How Shared Distrust of China Is Fueling Closer India-Australia Relations

How Shared Distrust of China Is Fueling Closer India-Australia Relations
Indian Prime Minister Narendra Modi speaks during a virtual meeting with Australian Prime Minister Scott Morrison, in New Delhi, India, June 4, 2020 (Press Information Bureau photo via AP Images).
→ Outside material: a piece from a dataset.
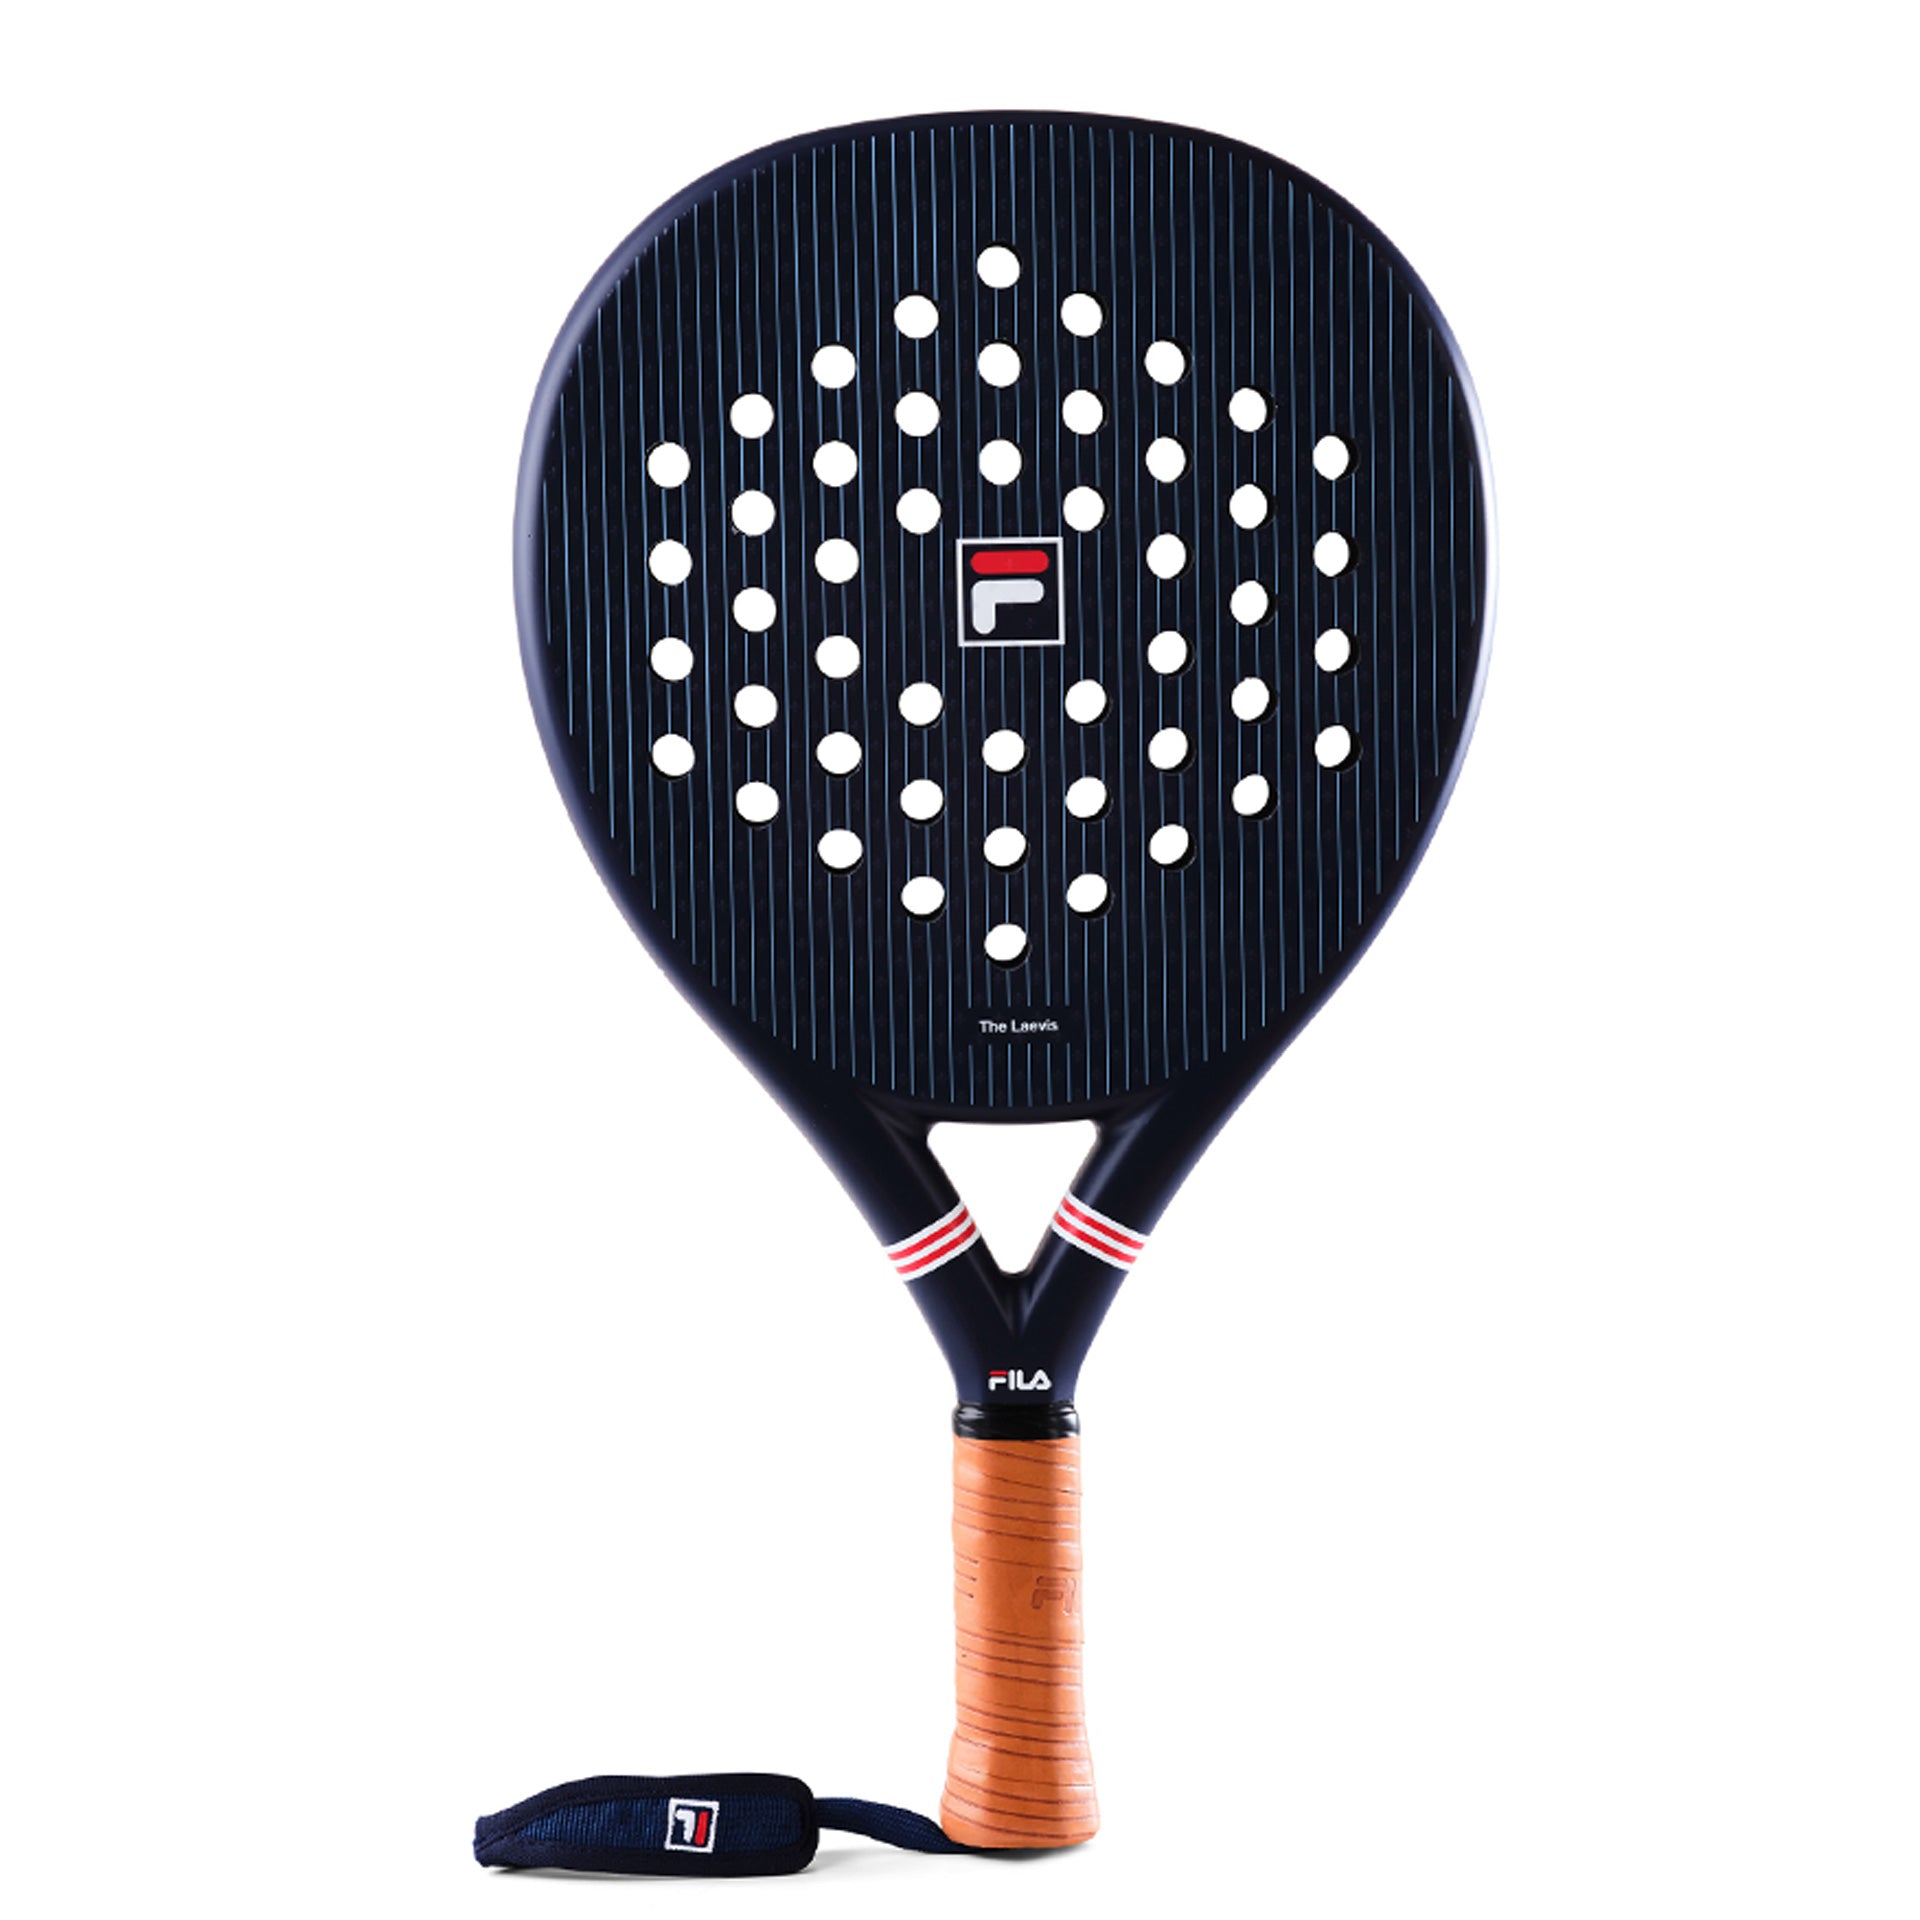  Fila The Leavis padel racket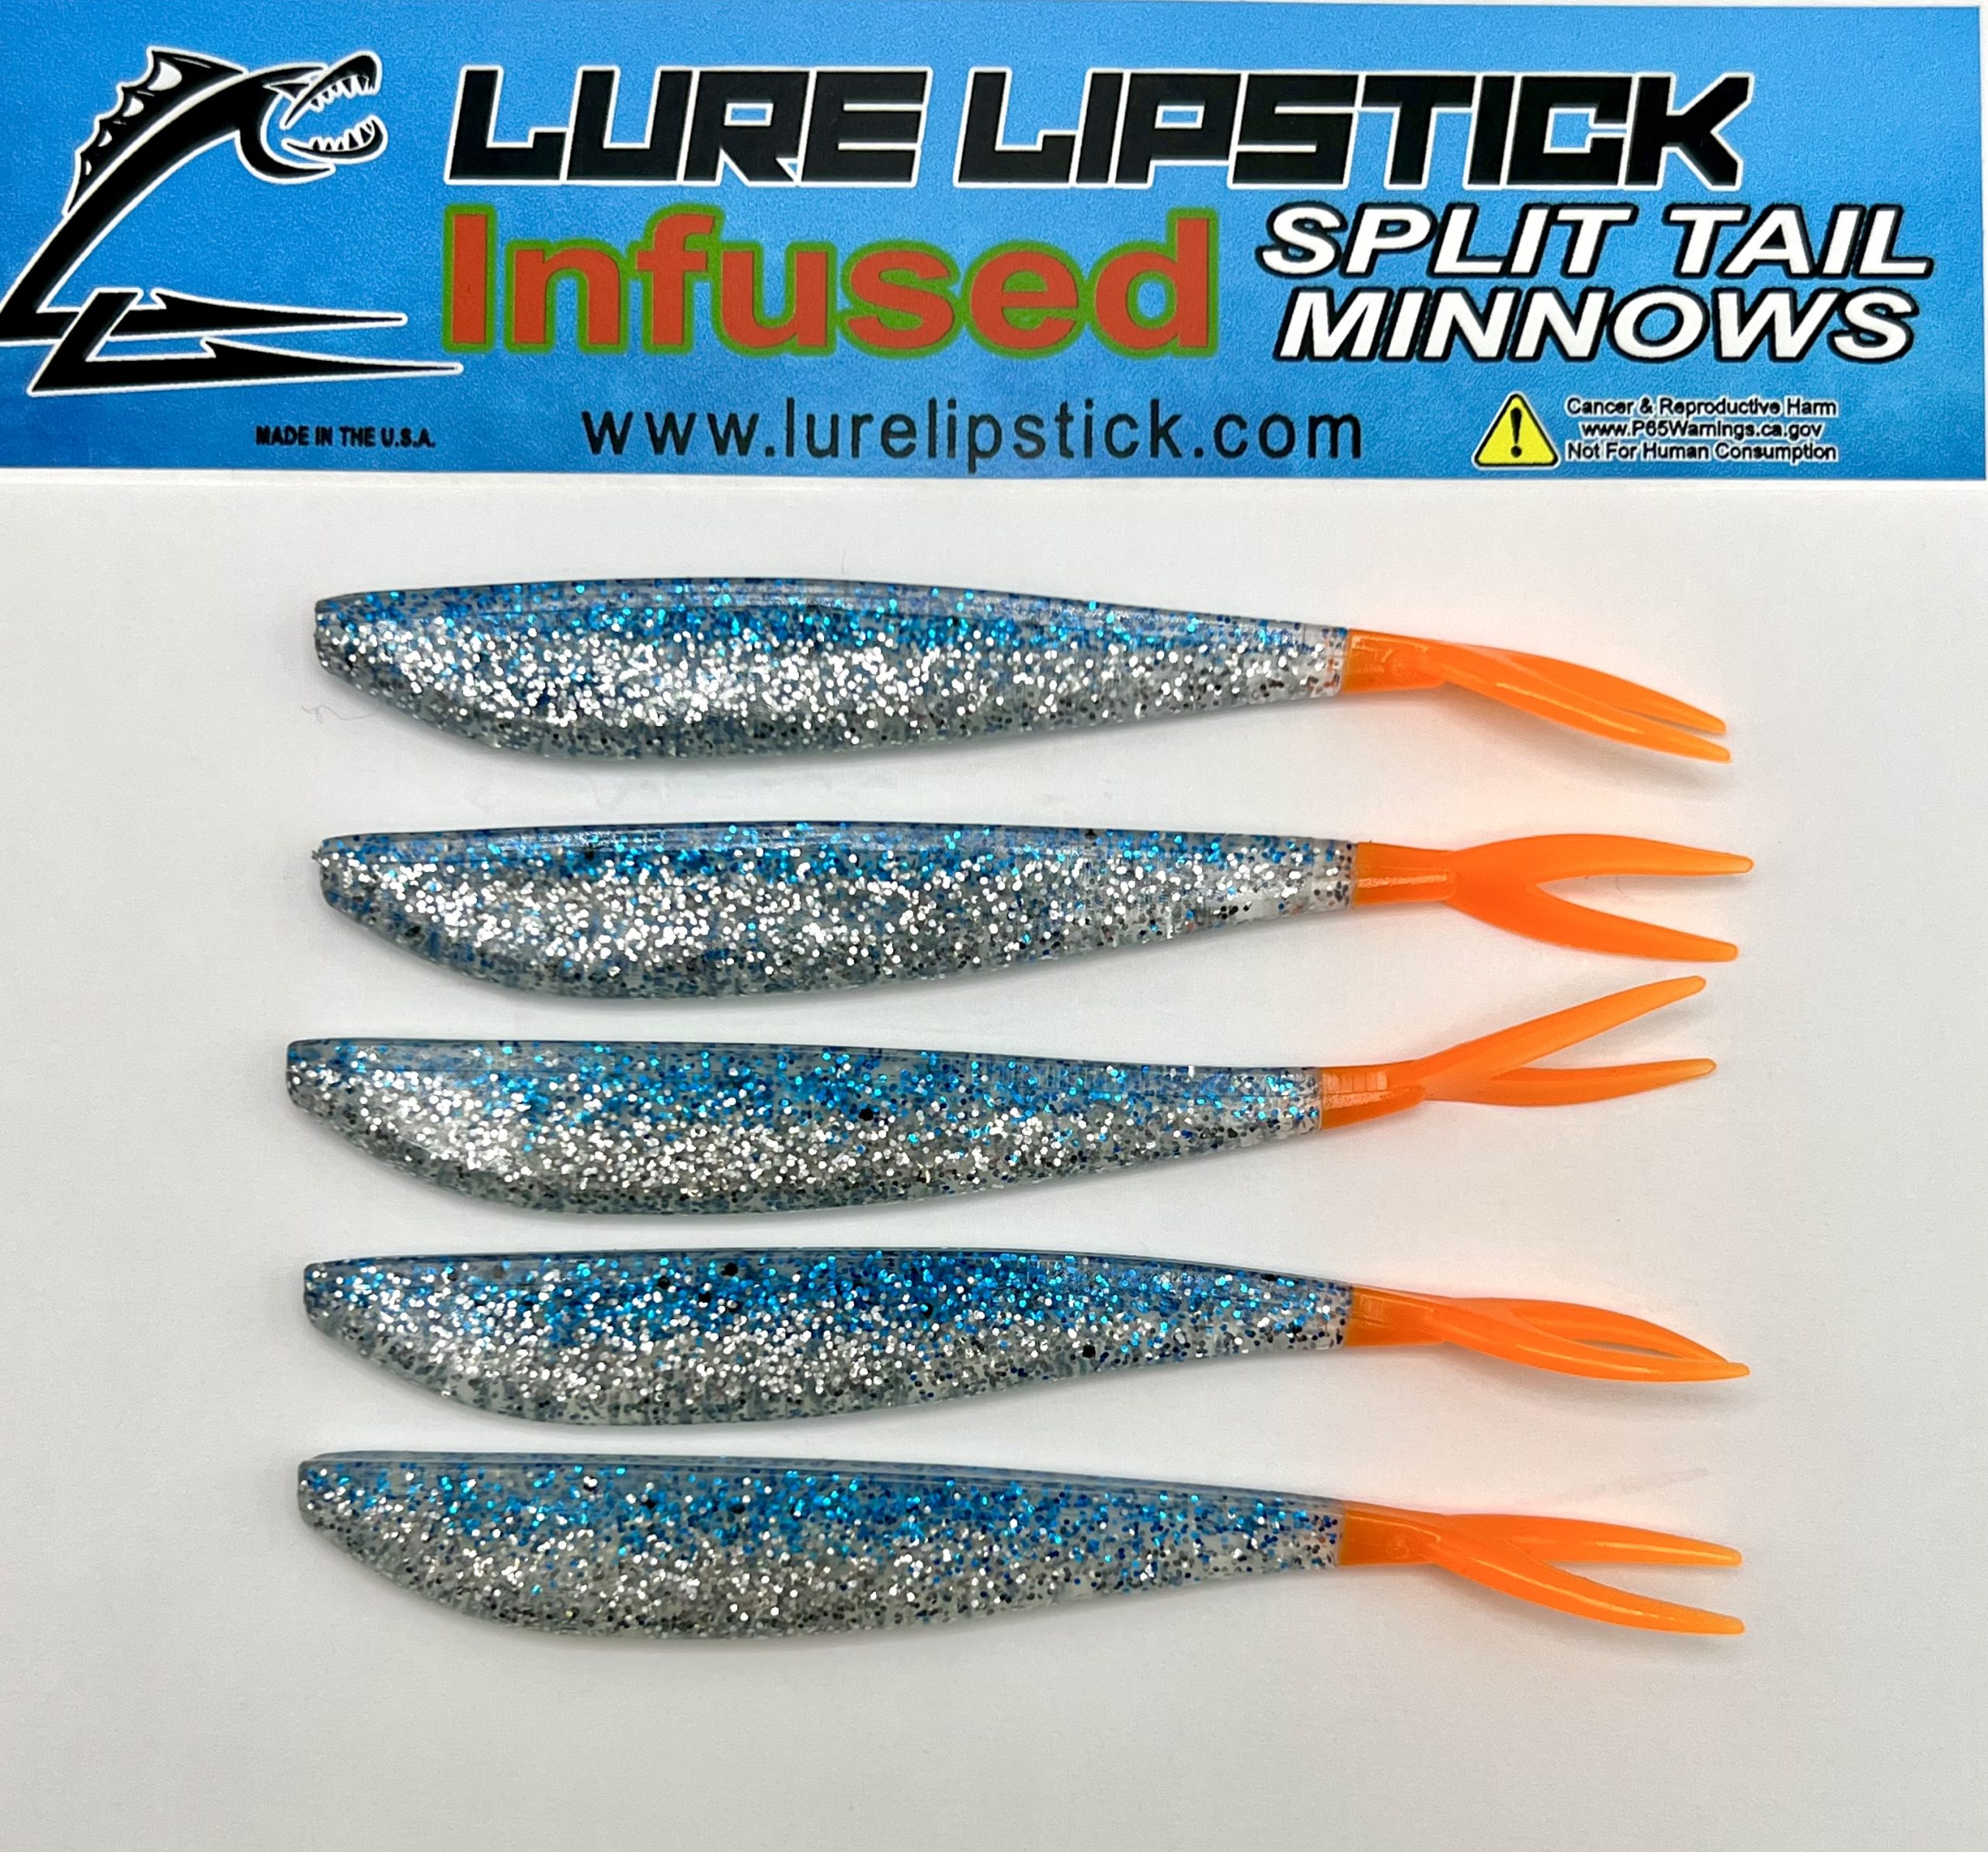 4in 5 Pack Custom Split Tail Minnows - Blue Ice Orange Tail

Had Scott Morrison traveled to New Delhi as planned in January, it would have been the fourth such trip by an Australian prime minister in a decade, a testament to the considerable effort successive governments in Canberra have made to build a viable strategic partnership with India. But a bushfire crisis at home, as well as the coronavirus pandemic, forced Morrison and his Indian counterpart, Narendra Modi, to settle for a virtual summit on June 4.

If the two leaders were disappointed by this outcome, they certainly did not show it. Both took to social media to make a show of bilateral friendship, with Morrison posting pictures on Twitter of homemade vegetarian “ScoMosas”—a play on his nickname, ScoMo, and samosas—and expressing regret that Modi could not taste one. On cue, the Indian prime minister replied that they looked “delicious.”

This contrived bonhomie might have conveyed the mistaken impression that the video meeting lacked substance. In fact, the lengthy joint statement that followed the summit detailed several significant agreements, as well as the elevation of the relationship to a “comprehensive strategic partnership.” That formal change in status signals both countries’ desire to work more closely together on issues of mutual interest and to deepen their economic and security ties.